Christie convinces Josh Dealey, her best friend Janey Ralston's boyfriend, to accompany her to catch Paul, but the brakes to her mother's car have been tampered with, almost killing them. Christie and Janey discover Paul and Brenda at a motel and run when Paul sees them, and soon after Janey is killed in a hit and run by an unseen driver. Christie tells the police that Paul killed Janey, intending to kill her, but she is not believed. Josh sticks up for Christie after she is bullied and blamed for Janey's death.

Later, Christie loses her virginity to Josh but they are interrupted by Paul, who orders Josh to leave. When Christie goes to the bathroom, she notices gas, and she realizes that Paul is trying to kill her too. Karen also falls down the stairs after a trap Paul set for her, putting her in a wheelchair. Christie takes a picture of Paul and Brenda having sex but drops the picture and is seen; while retrieving the picture she overhears that Brenda and Lacey are in fact a married couple who plan to blackmail Paul after he kills Karen and Christie. She shows her mother the picture and Paul is ordered to leave.

At midnight, Paul, Brenda, and Lacey invade the house and force Christie and Karen to the basement, revealing their plans to kill them both at 2 a.m. and blame it on a burglar. Christie tells Paul about the real relationship between Brenda and Lacey, which angers him. Christie tricks Brenda into letting her out to go to the bathroom while Karen cuts the electricity to the house from the basement, giving Christie a chance to run and stab both Lacey and Paul. After Brenda attacks Karen and turns the lights back on, Christie surrenders herself to Lacey, and both victims are forced back to the basement, where they devise another escape plan by wetting the fuse box.
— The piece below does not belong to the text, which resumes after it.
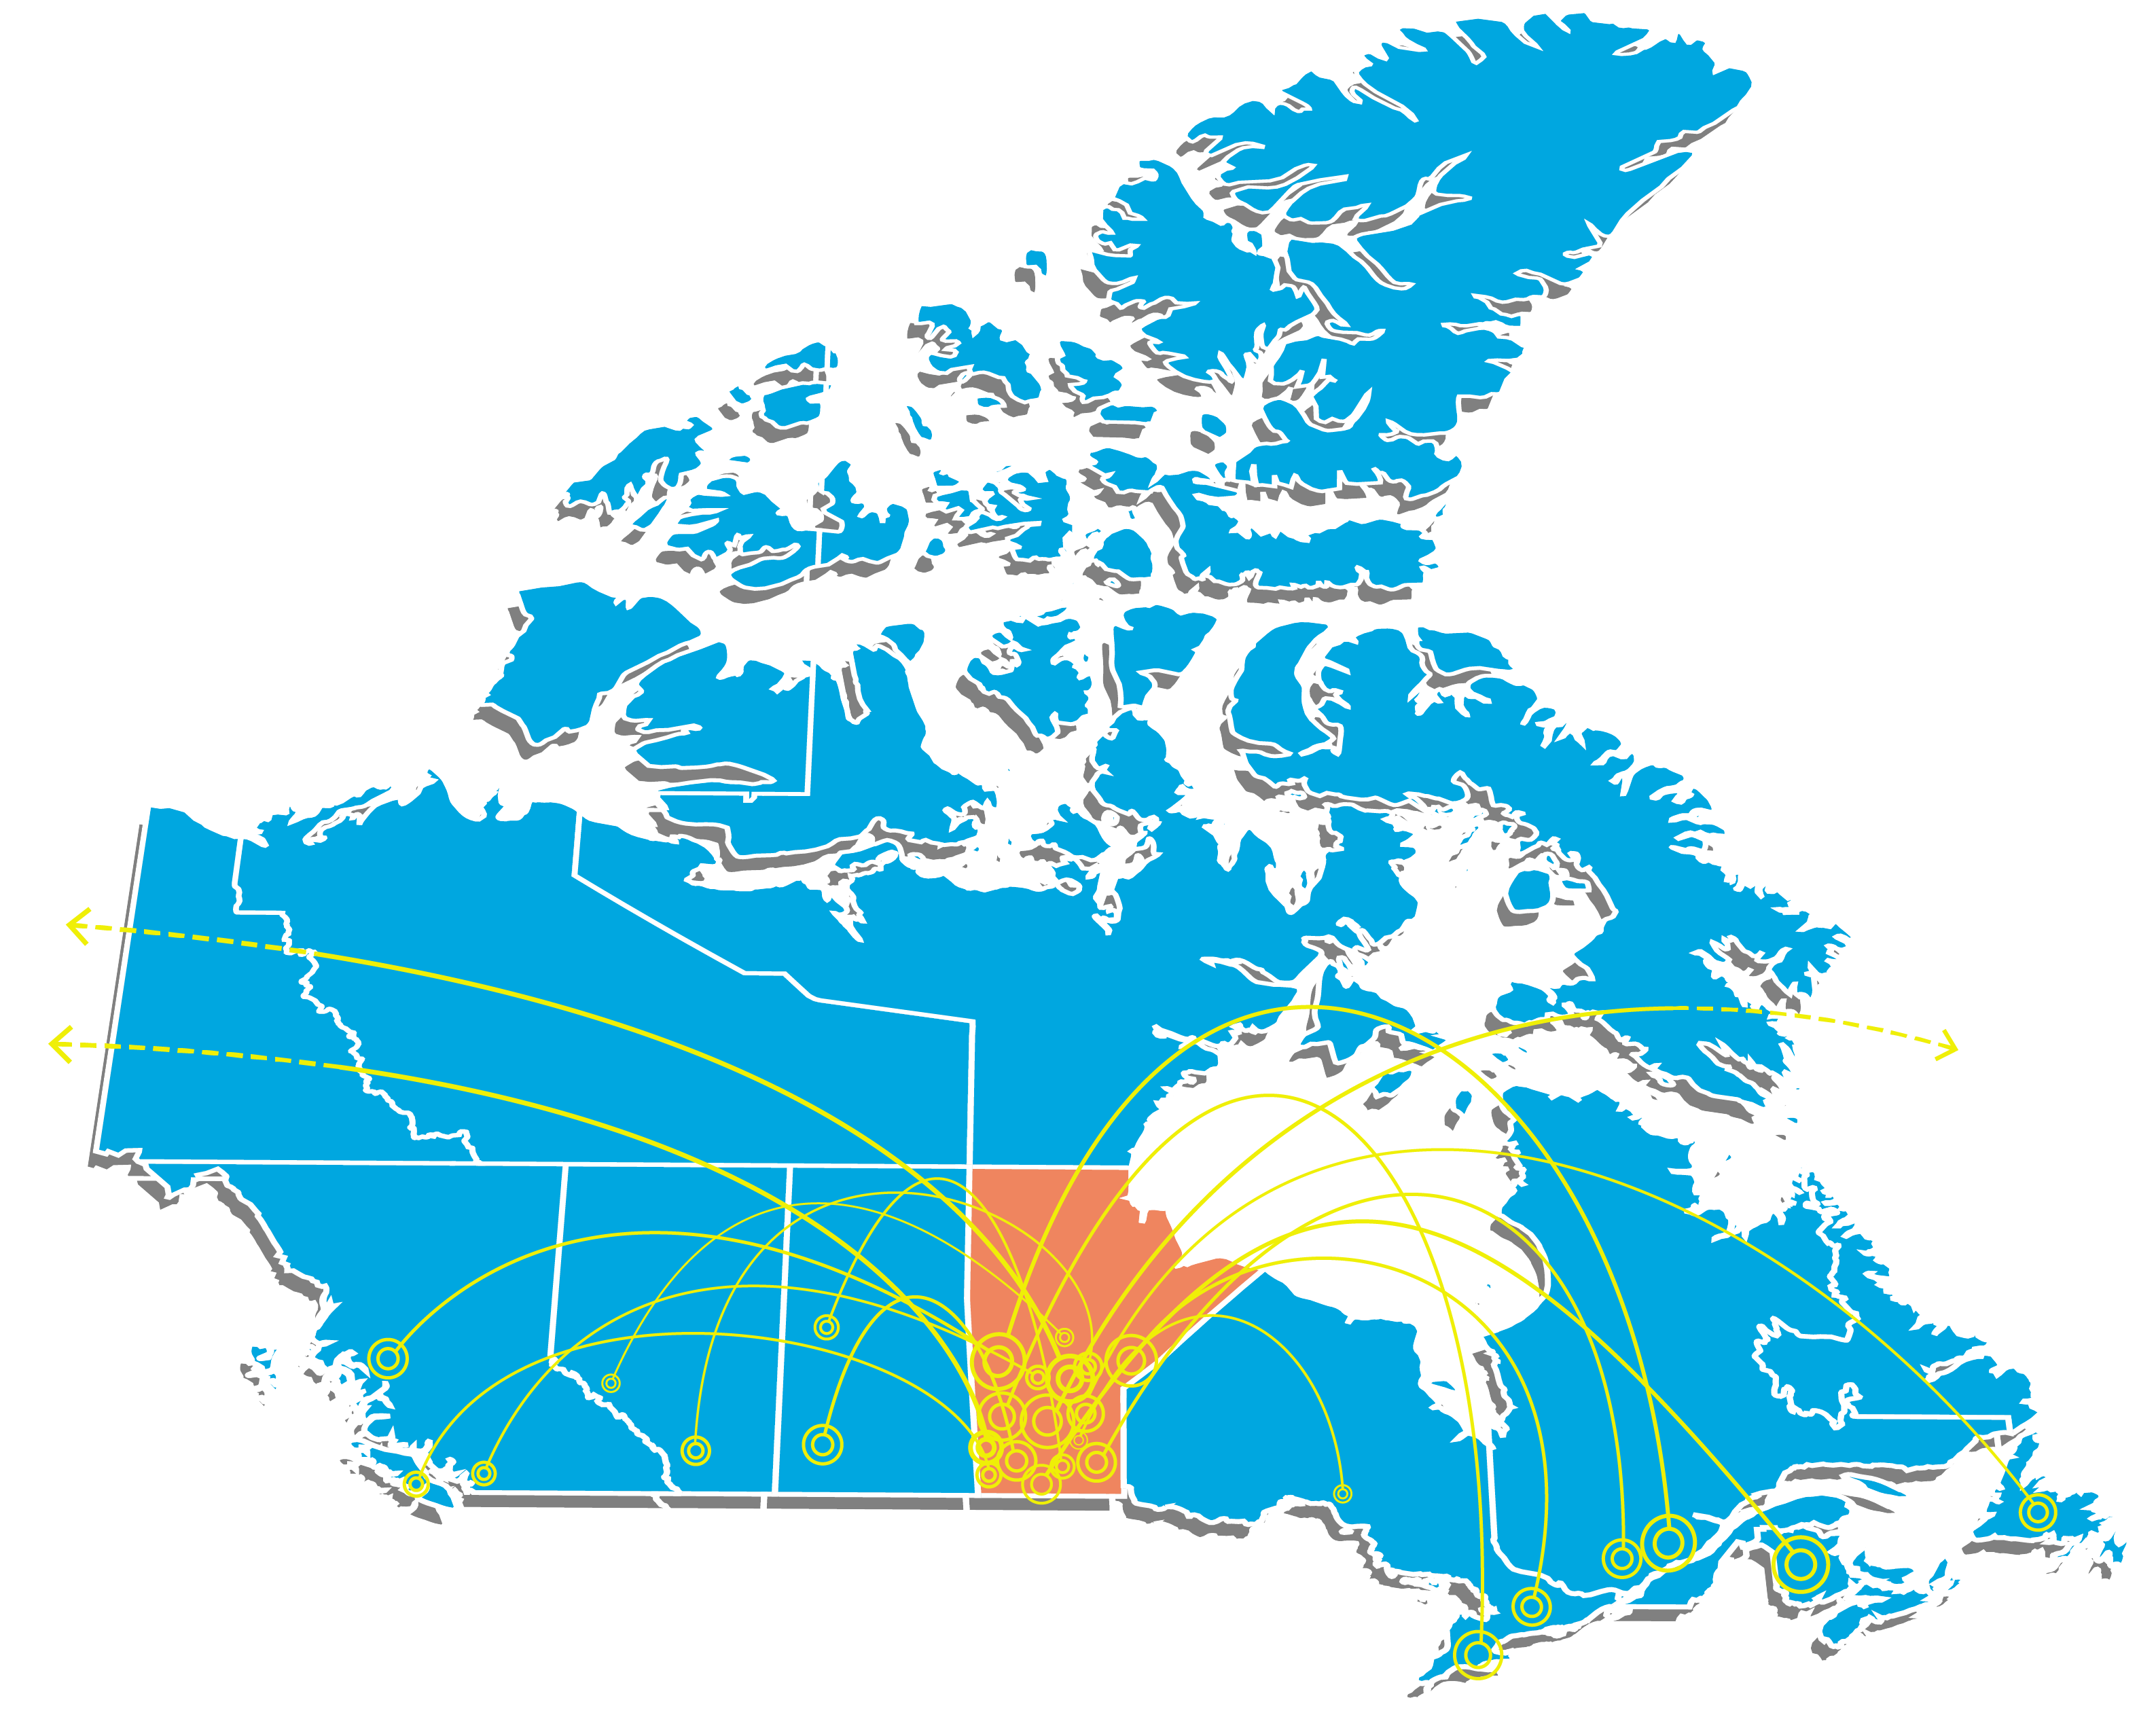 Manitoba Map Https://Www.flagshipcompany.com
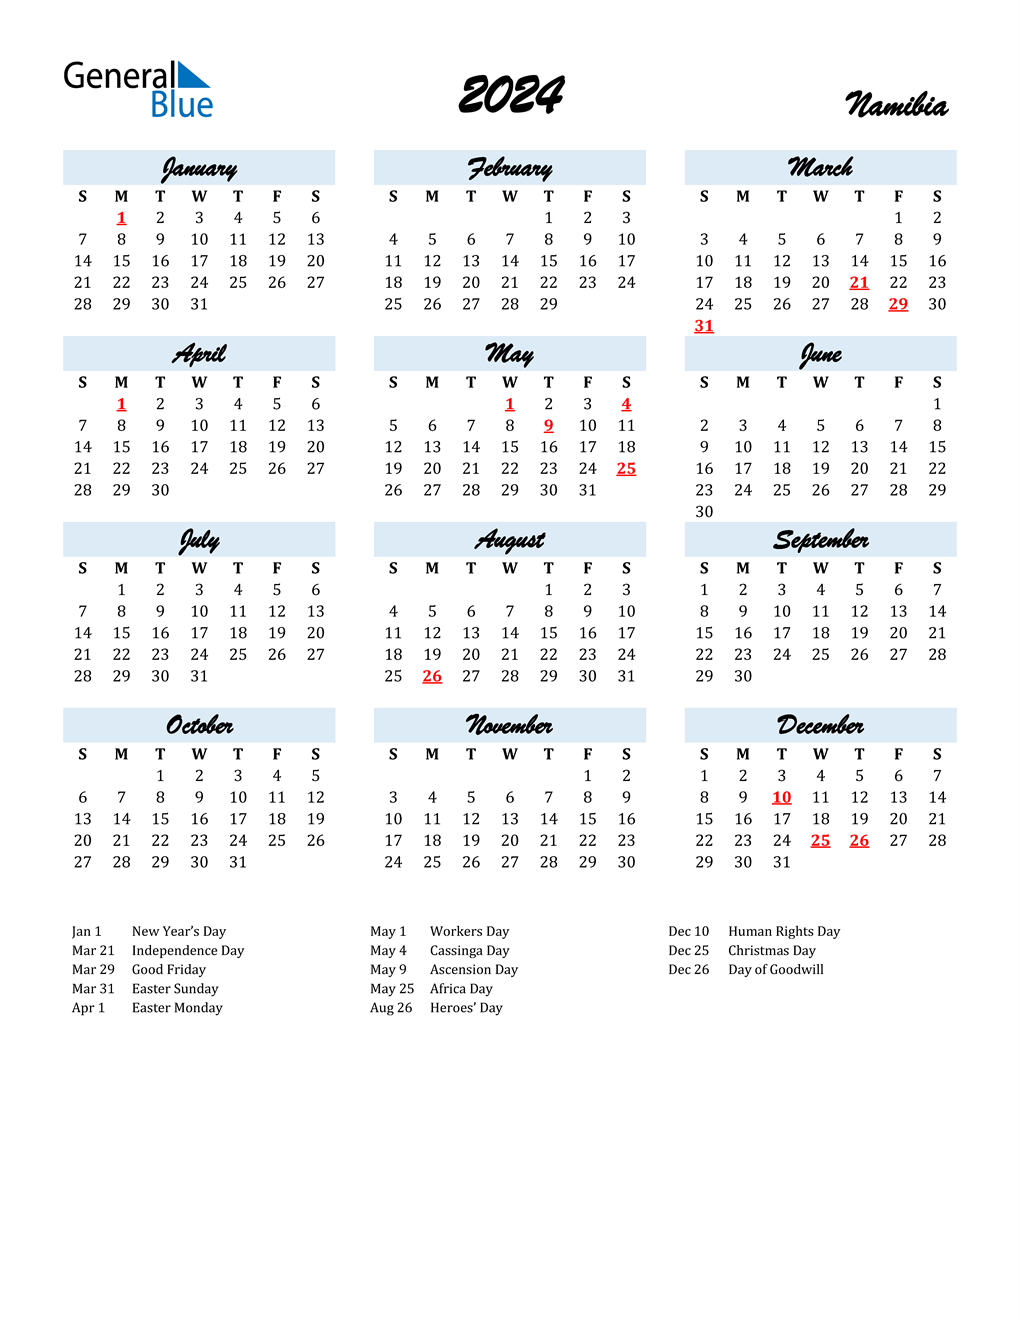 Calendar 2024 Printable South Africa Calendar 2024 All Holidays - Free Printable 2024 Calendar With Public Holidays South Africa

At 2 a.m., they are ordered upstairs but are interrupted by Josh knocking at the door. Lacey orders Christie to open the door and get rid of him. Josh is suspicious and informs the police. When the electricity goes off, both mother and daughter flee their attackers. Lacey orders Brenda to go to the basement and turn the lights back on, but the wet fuse box electrocutes Brenda. After almost catching Karen, Lacey runs to the basement after hearing Brenda's scream and finds her dead. Christie tricks Paul into believing she is in her bathroom; when Paul enters the gas-filled bathroom with a lighter, it explodes and he is killed. Josh saves Christie from the burning house.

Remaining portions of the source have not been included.